Incorporation is becoming an increasingly important strategy for landlords adapting to a changing tax and regulatory landscape, new research from Pegasus Insight has indicated.
A report from the group revealed that 22% of landlords hold at least one rental property within a limited company.
According to Pegasus Insight’s Landlord Trends Report Q3 2025, one in three portfolio landlords now use a mixed-status model, and for those with a limited company structure, around 70% of their portfolio sits within the company.
The report showed that the average number of properties held in a limited company structure has been growing over the last five years, from 6.3 in Q1 2020 to 10.5 in Q3 2025, while the average total mixed-status portfolio size has remained broadly stable over the same period, at around 15 properties.
Pegasus Insight suggested this growth is being driven predominantly by new acquisitions, with landlords choosing to purchase recently added properties through a company rather than transferring older stock.
Founder and director of Pegasus Insight, Mark Long, said landlords are operating in “a very different environment from that of a decade ago”.
“With tax rules continuing to tighten and compliance demands rising, many now see incorporation as the most robust long-term way to run a lettings business,” Long commented.
“But incorporation is not a simple win. It carries costs, introduces additional administrative responsibilities, and, crucially, needs to be considered carefully with a qualified tax adviser.
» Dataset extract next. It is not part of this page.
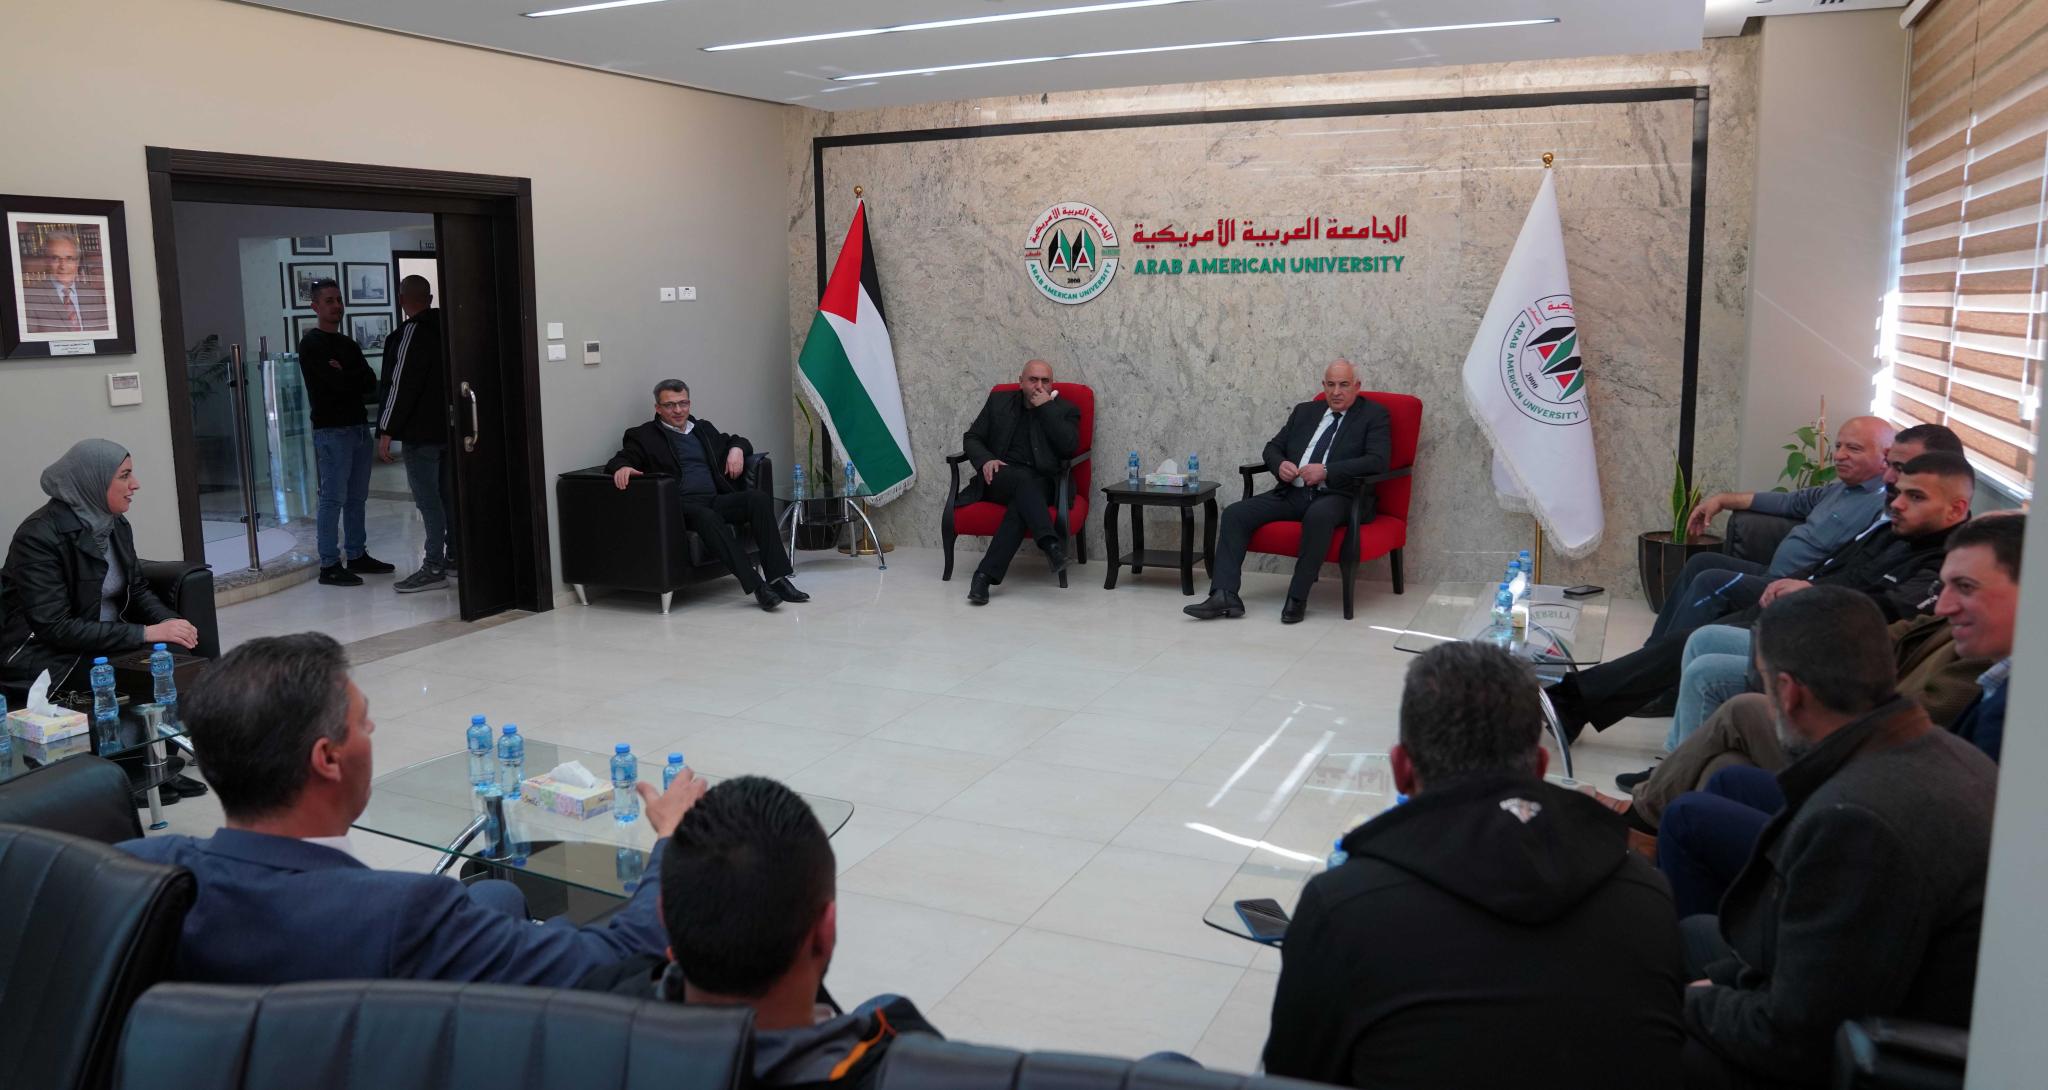 وزير الداخلية اللواء زياد هب الريح في زيارة للجامعة العربية الأمريكية
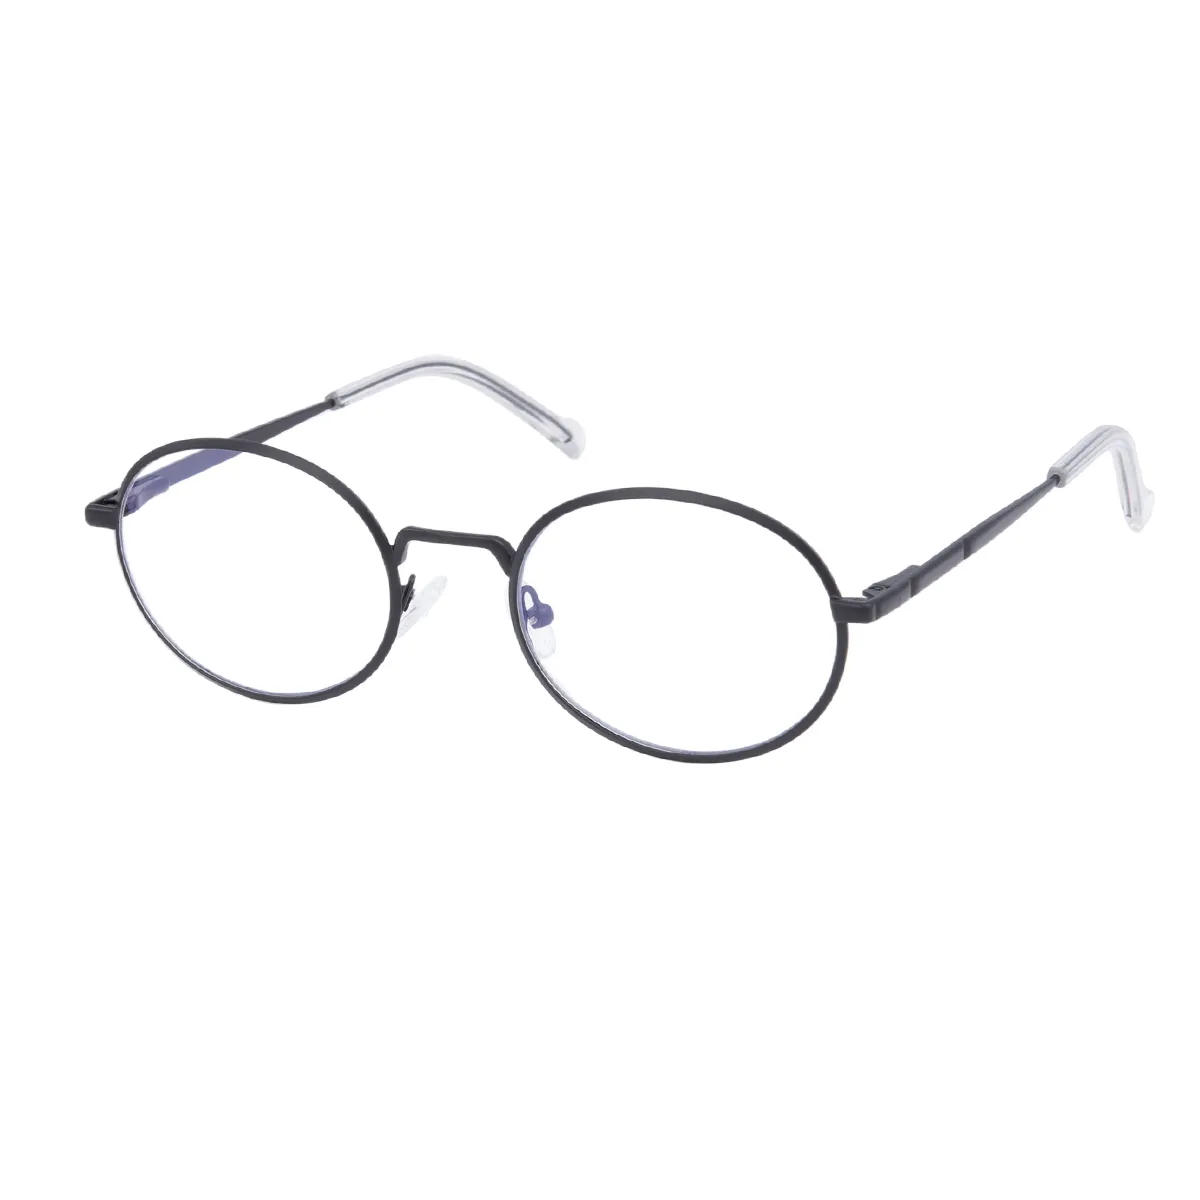 Hulda - Oval Black Glasses for Men & Women - EFE

Mortgage brokers cannot and should not provide tax advice, and landlords need specialist guidance before making structural changes to their business.”
Long also suggested that Chanceller Rachel Reeves’ decision in the Budget last week to introduce new higher property tax bands of 22%, 42% and 47% for landlords who hold property in their own names from April 2027 is “likely to accelerate” the move towards company structures.
He also warned: “It also risks penalising the very people who have made up the backbone of the private rental sector for around 30 years: smaller, long-standing landlords who have quietly provided good-quality homes without the resources or scale to absorb repeated policy shocks.
“Incorporation may well be the right answer for some, but Government should be mindful that continually increasing the burden on individual landlords risks pushing more of them out of the sector entirely, at a time when the country can least afford to lose rental supply.”